GIVEN RECORDS:
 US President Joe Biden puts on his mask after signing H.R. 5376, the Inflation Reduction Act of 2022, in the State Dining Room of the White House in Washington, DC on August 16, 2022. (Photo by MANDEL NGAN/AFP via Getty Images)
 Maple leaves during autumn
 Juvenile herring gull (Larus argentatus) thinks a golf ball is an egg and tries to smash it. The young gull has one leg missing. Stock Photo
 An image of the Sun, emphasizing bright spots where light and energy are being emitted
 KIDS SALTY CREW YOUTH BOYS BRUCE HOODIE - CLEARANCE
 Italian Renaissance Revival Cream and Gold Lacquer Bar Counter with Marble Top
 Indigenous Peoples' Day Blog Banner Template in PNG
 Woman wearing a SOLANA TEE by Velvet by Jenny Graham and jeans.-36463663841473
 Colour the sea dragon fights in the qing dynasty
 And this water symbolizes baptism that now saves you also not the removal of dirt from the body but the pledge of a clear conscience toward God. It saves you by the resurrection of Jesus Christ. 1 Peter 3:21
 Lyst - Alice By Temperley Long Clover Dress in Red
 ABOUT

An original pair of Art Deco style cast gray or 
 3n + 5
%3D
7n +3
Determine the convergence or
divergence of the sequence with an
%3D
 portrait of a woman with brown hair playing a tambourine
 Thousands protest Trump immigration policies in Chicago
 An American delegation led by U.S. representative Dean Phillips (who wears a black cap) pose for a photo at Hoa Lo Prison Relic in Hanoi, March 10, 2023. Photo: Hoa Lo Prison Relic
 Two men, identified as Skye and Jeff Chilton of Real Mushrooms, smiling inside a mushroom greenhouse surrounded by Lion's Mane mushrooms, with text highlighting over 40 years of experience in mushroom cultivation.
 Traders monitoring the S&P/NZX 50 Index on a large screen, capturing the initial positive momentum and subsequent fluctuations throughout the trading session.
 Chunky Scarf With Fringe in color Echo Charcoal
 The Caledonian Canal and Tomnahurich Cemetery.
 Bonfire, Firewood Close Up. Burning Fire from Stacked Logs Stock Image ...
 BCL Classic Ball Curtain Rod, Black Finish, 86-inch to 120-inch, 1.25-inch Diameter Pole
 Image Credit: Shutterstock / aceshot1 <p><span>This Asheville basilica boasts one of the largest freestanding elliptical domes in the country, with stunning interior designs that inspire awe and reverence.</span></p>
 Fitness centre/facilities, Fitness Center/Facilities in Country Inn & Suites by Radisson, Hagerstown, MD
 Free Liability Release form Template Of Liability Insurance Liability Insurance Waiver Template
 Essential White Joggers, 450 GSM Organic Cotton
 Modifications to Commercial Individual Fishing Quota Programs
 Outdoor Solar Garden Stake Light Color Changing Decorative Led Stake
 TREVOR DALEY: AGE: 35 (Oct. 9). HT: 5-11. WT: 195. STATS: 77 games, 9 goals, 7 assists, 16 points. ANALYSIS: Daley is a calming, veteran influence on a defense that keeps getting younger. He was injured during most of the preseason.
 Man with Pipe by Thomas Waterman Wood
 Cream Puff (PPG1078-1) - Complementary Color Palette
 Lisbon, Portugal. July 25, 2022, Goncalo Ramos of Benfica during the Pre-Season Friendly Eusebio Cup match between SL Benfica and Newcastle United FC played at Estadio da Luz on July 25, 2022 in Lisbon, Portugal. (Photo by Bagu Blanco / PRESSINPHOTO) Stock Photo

DIRECTIONS:
Work through the records above. Copy every line with the string "during".

RESULT BELOW:
 Maple leaves during autumn
 TREVOR DALEY: AGE: 35 (Oct. 9). HT: 5-11. WT: 195. STATS: 77 games, 9 goals, 7 assists, 16 points. ANALYSIS: Daley is a calming, veteran influence on a defense that keeps getting younger. He was injured during most of the preseason.
 Lisbon, Portugal. July 25, 2022, Goncalo Ramos of Benfica during the Pre-Season Friendly Eusebio Cup match between SL Benfica and Newcastle United FC played at Estadio da Luz on July 25, 2022 in Lisbon, Portugal. (Photo by Bagu Blanco / PRESSINPHOTO) Stock Photo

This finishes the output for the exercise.